Bovine tuberculosis (bTB) is an infectious disease which has led to important economic losses worldwide. bTB is mainly caused by the recently reclassified Mycobacterium tuberculosis variant bovis, formerly called M bovis within the Mycobacterium tuberculosis complex.1 Today, the disease is a significant concern in many countries throughout the world.2 In Spain, the reported prevalence of bTB in cattle from some regions (central and south-western Spain) is notably higher than those required to achieve the officially bTB-free status (bTB herd prevalence <0.1 per cent for 6 consecutive years).3 This has been associated with the interaction with wild reservoirs of M tuberculosis var bovis such as wild boar and red deer.4

The wild boar is considered the main M tuberculosis var bovis wildlife reservoir in Mediterranean ecosystems of southern Portugal and south-western Spain, with a tuberculosis (TB) prevalence higher than 50 per cent.5 The risk factors that can predispose the wild boar to a high prevalence of TB have been widely studied.

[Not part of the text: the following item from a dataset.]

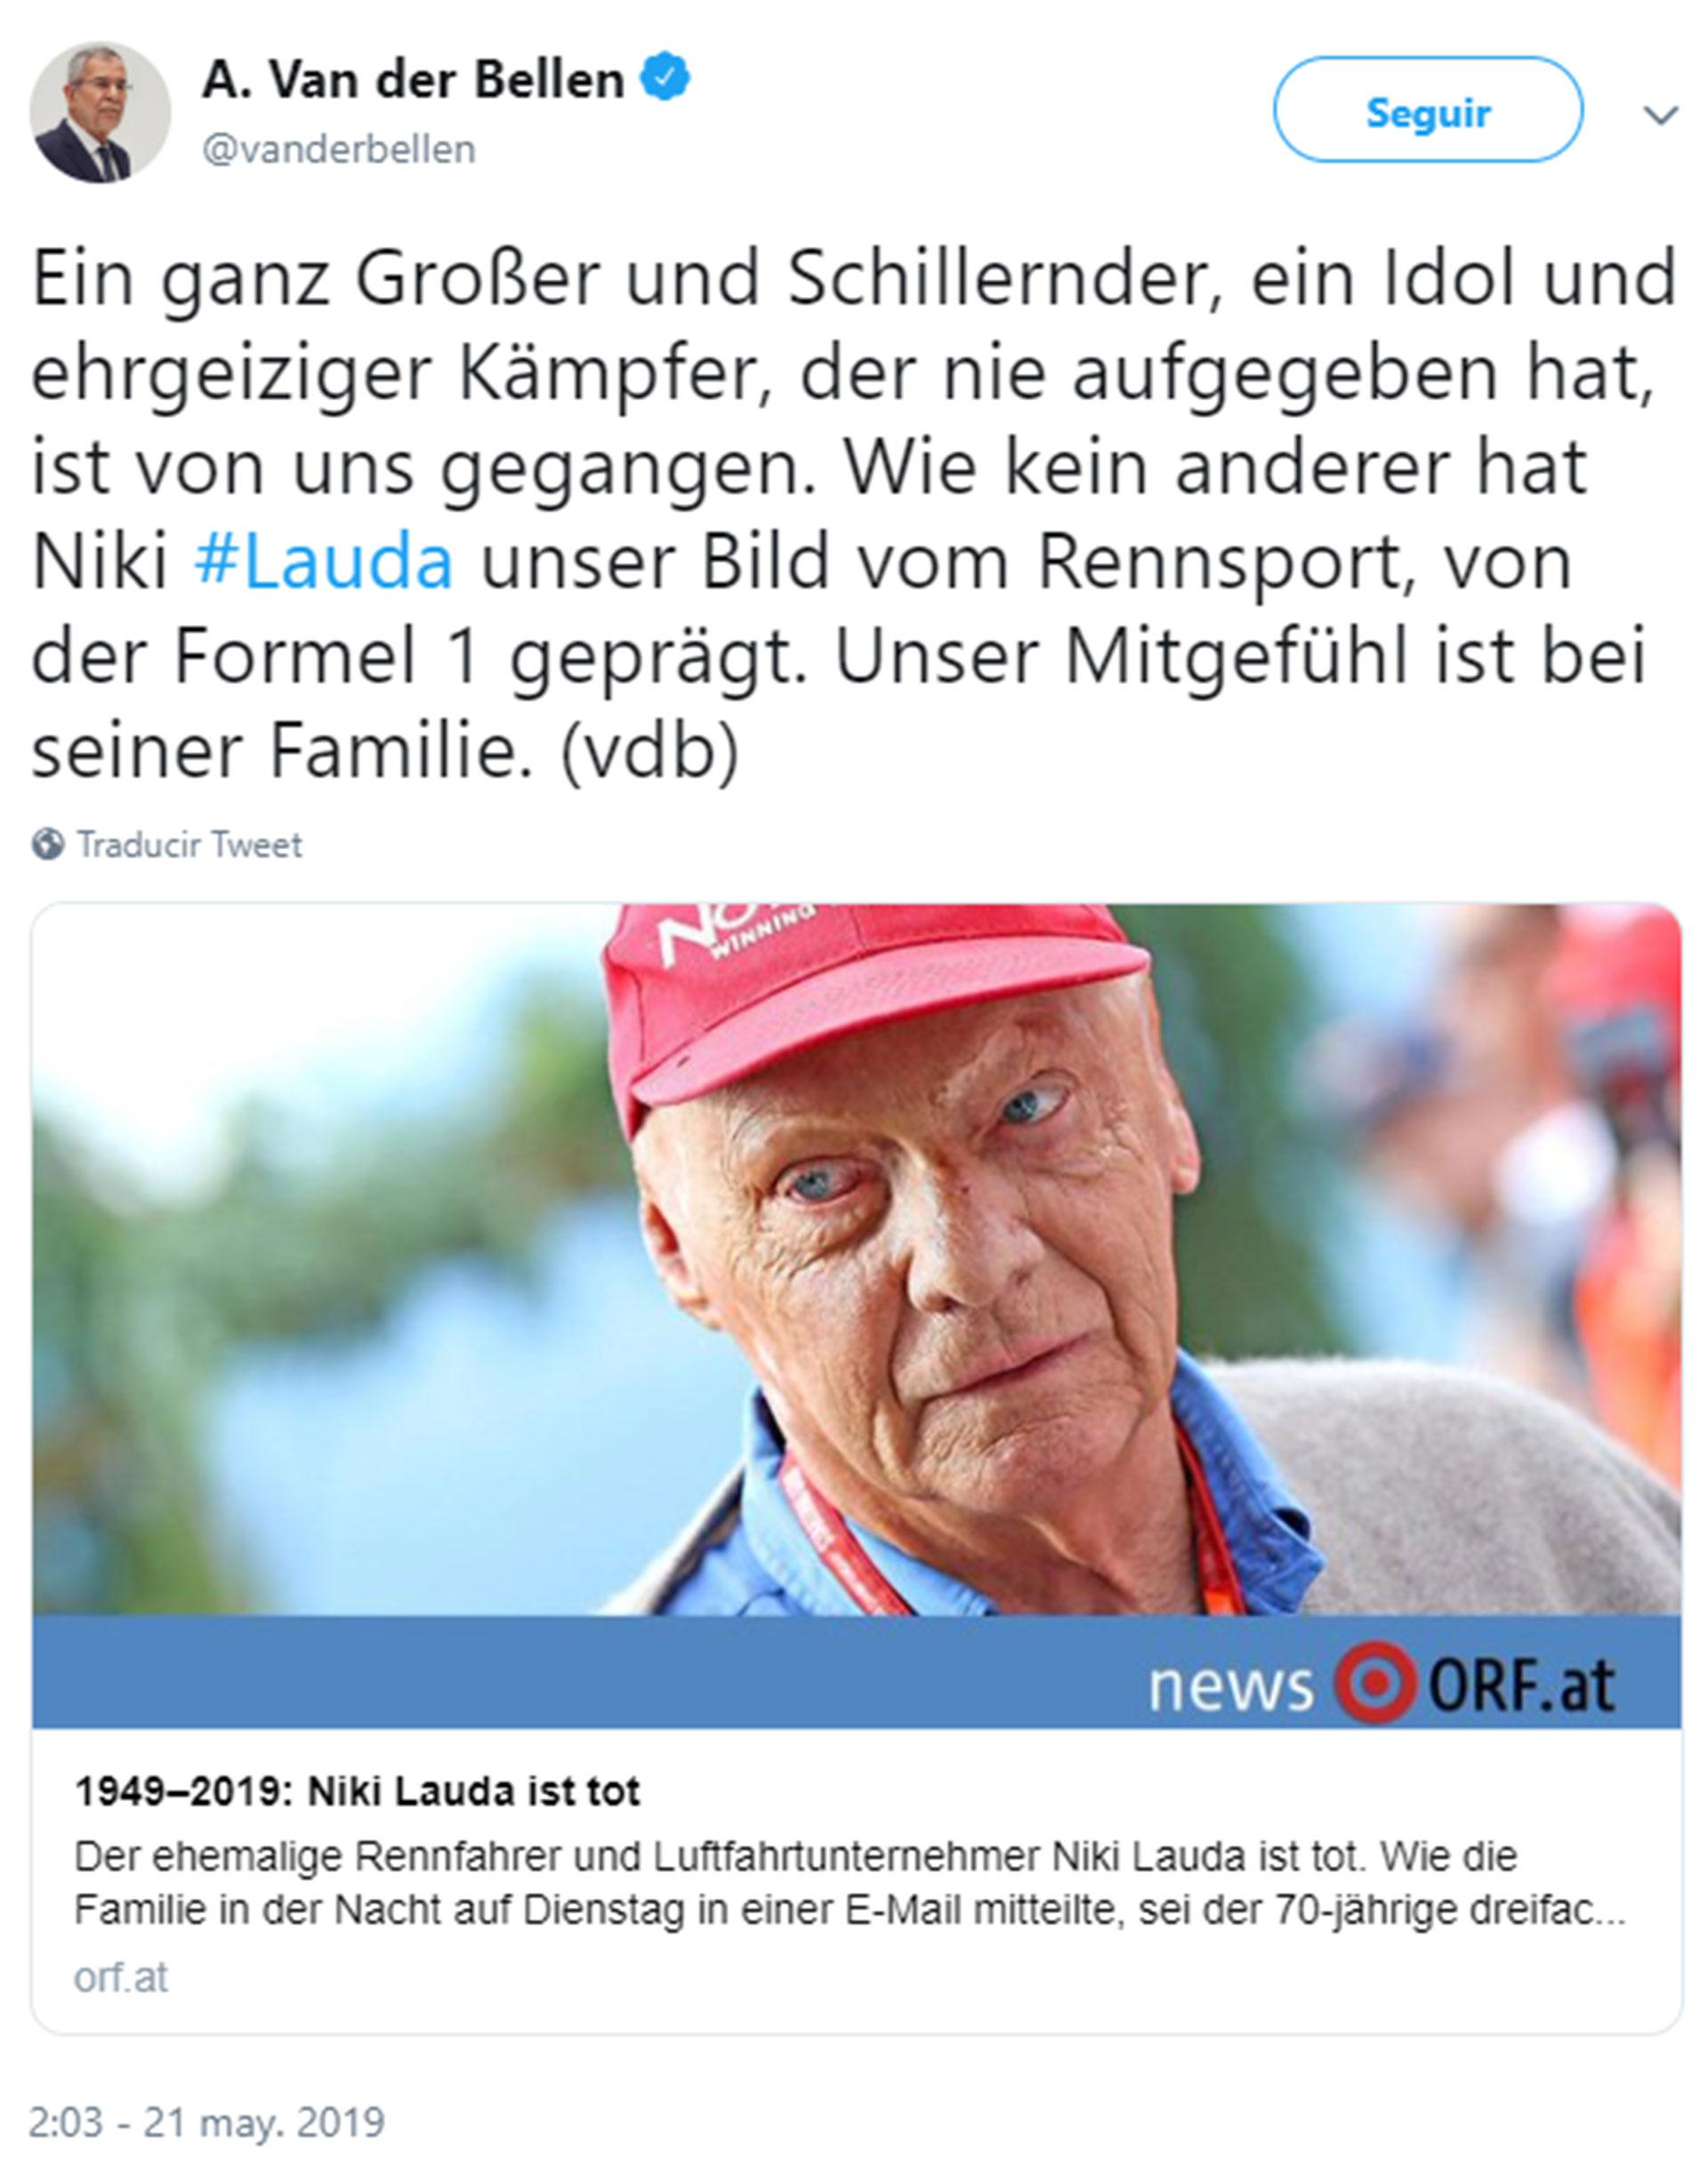 Alexander Van der Bellen, presidente de Austria, envió un mensaje de condolencias a la familia de Niki Lauda

Factors such as high population density, age or coinfections with other pathogens seem to be related to a higher prevalence of M tuberculosis var bovis infection in wild boar.6–8

In recent studies, it has been shown that a percentage of TB-affected wild boars (36.2–50.4 per cent) shed M tuberculosis DNA (formerly referred as M tuberculosis complex) by different routes (oral, nasal, faecal or urinary).9 10 These animals, especially those called ‘super shedders’, which shed high amount of bacteria by one or more routes,9 raise the probabilities of new infections (through direct and indirect contagions) and favour the maintenance of TB in a multihost scenario.

The reduction in the number of shedders could lessen the horizontal transmission and environmental contamination, which could lead to a decline in TB incidence.9 However, a good knowledge about factors that may favour M tuberculosis shedding in wild boar is necessary to propose effective measures focused on reducing the number of shedders.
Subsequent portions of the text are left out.